## Recorded information
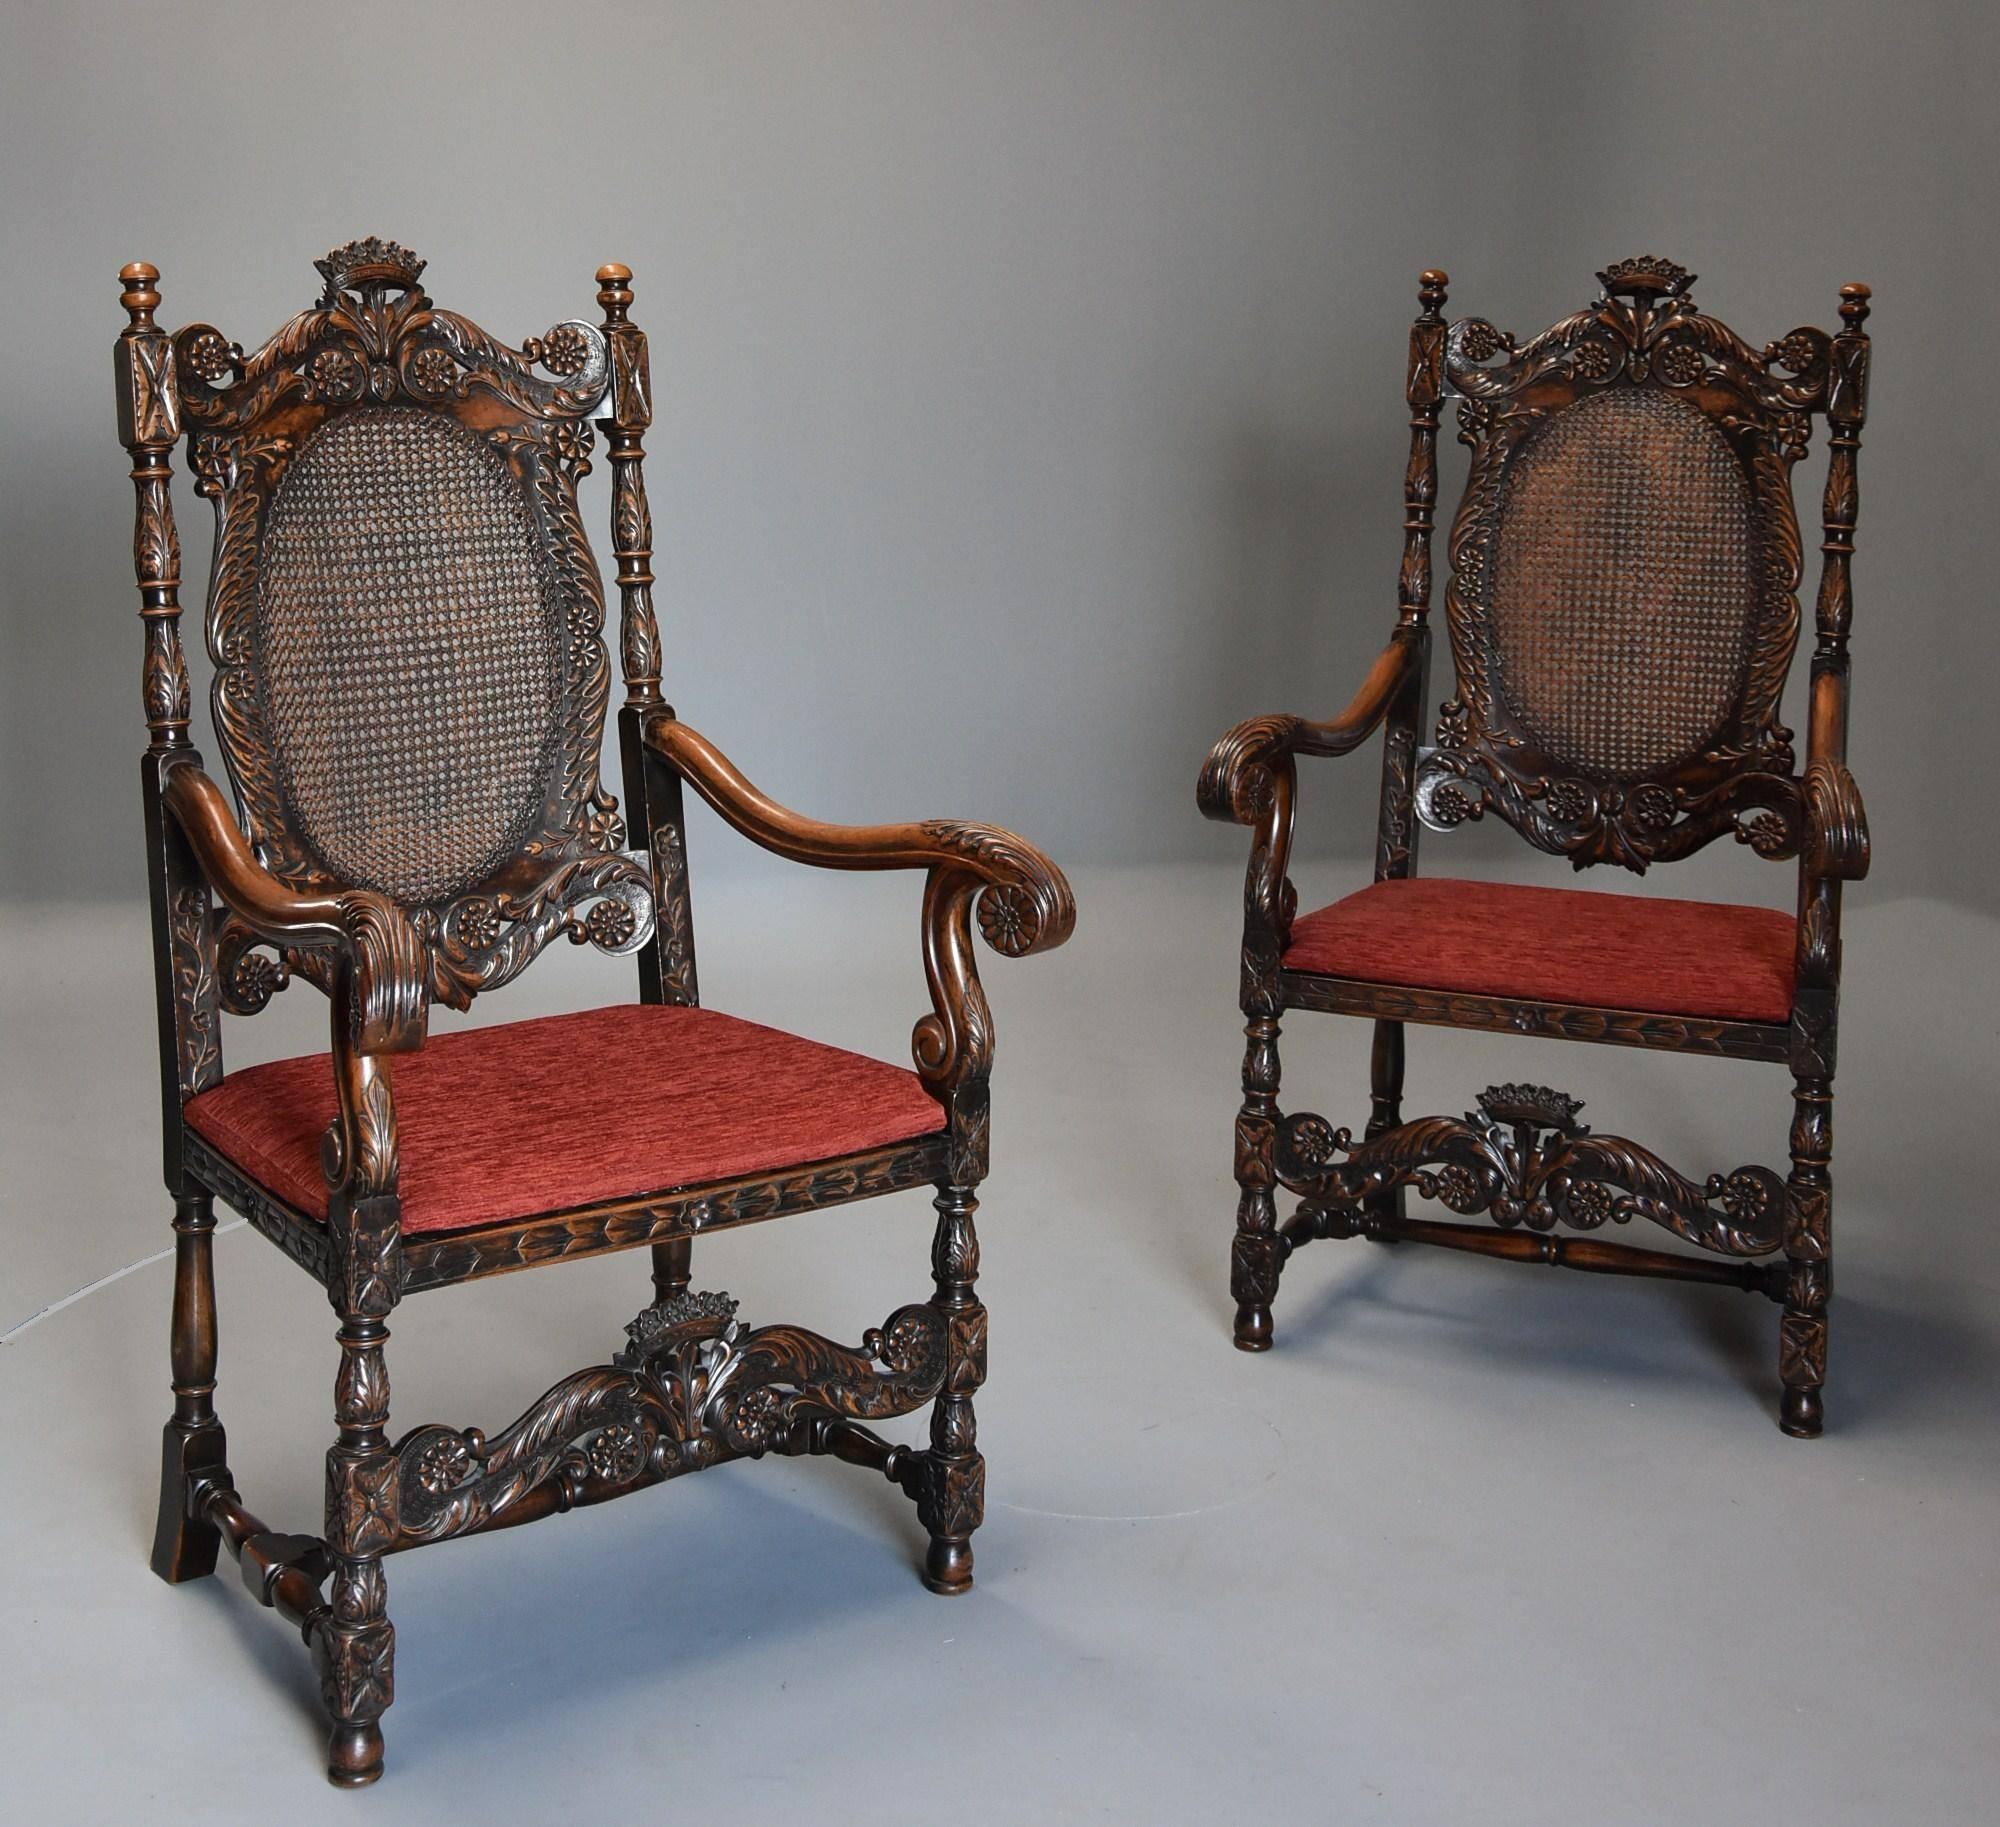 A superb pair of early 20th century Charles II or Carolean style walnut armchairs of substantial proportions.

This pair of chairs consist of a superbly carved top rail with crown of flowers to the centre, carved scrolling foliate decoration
...
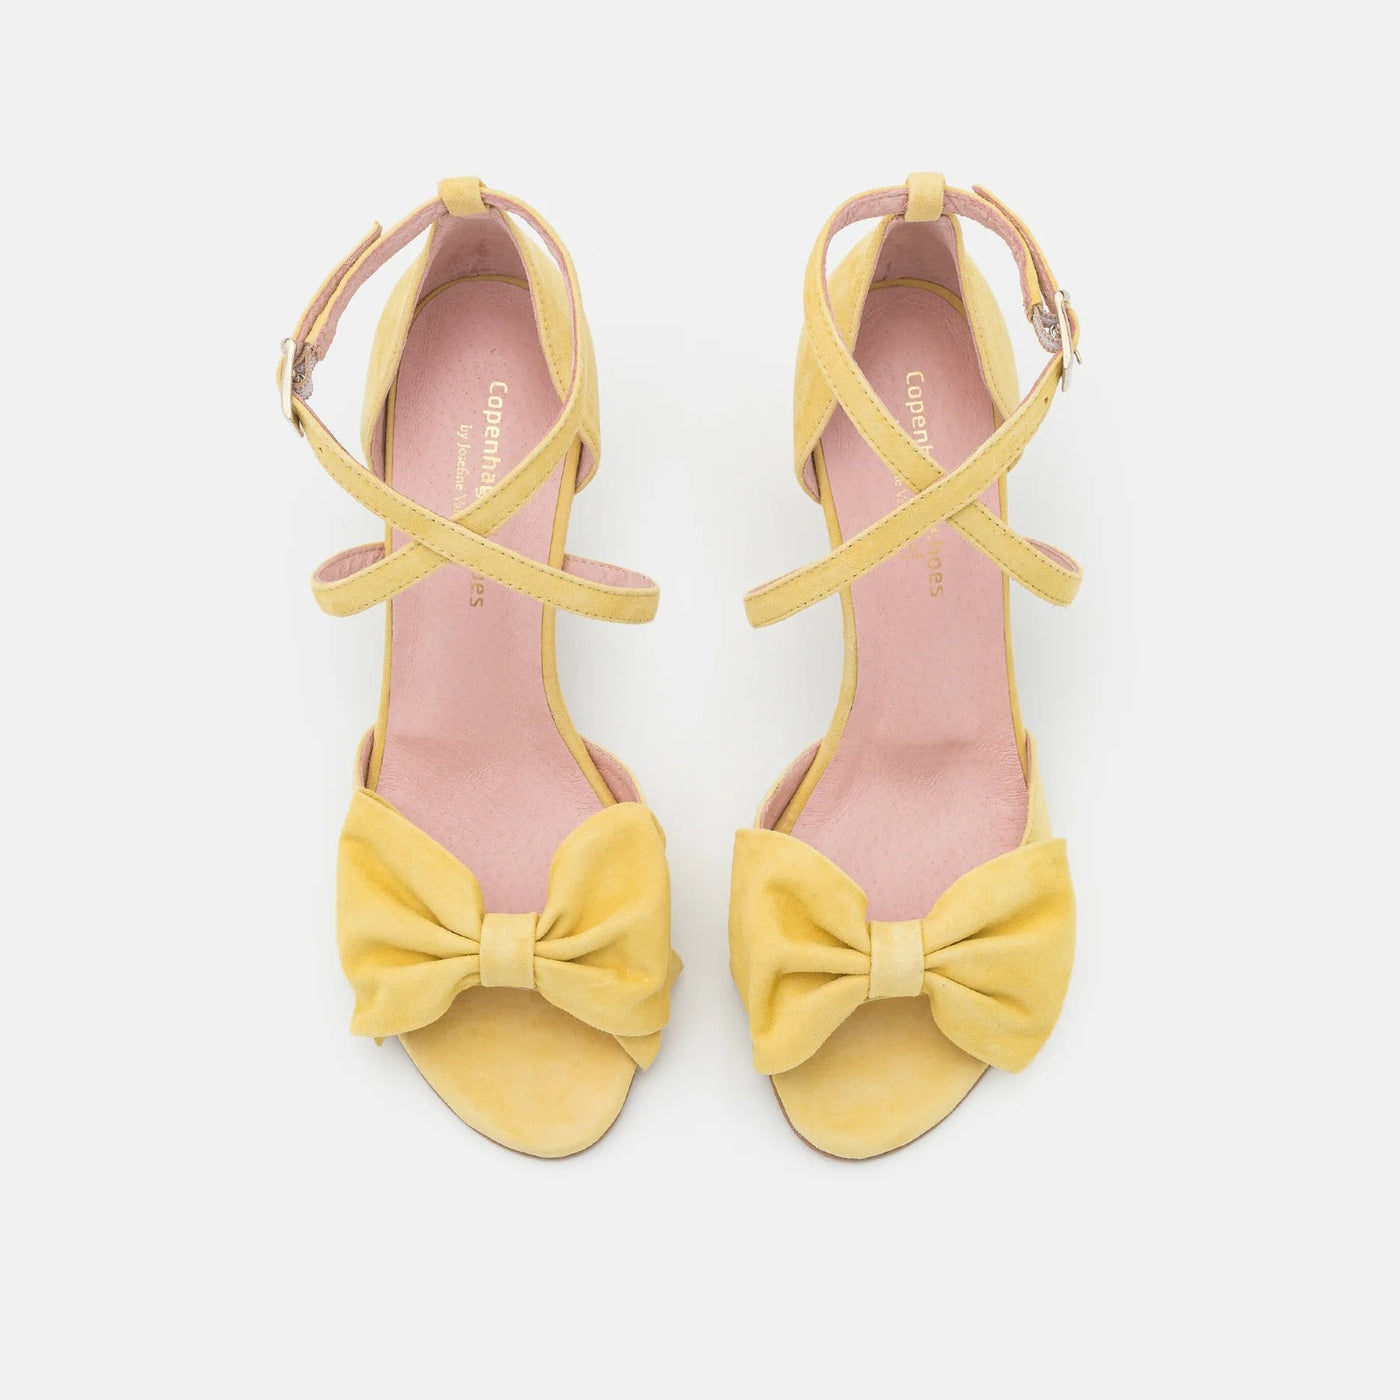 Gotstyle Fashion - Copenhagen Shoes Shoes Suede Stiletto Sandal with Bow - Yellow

## About this task
Reproduce the lines above starting at the one with "A superb pair" and ending at the one with "This pair of chairs", both included, exactly and with no pictures.

## Answer to the problem
 A superb pair of early 20th century Charles II or Carolean style walnut armchairs of substantial proportions.

This pair of chairs consist of a superbly carved top rail with crown of flowers to the centre, carved scrolling foliate decoration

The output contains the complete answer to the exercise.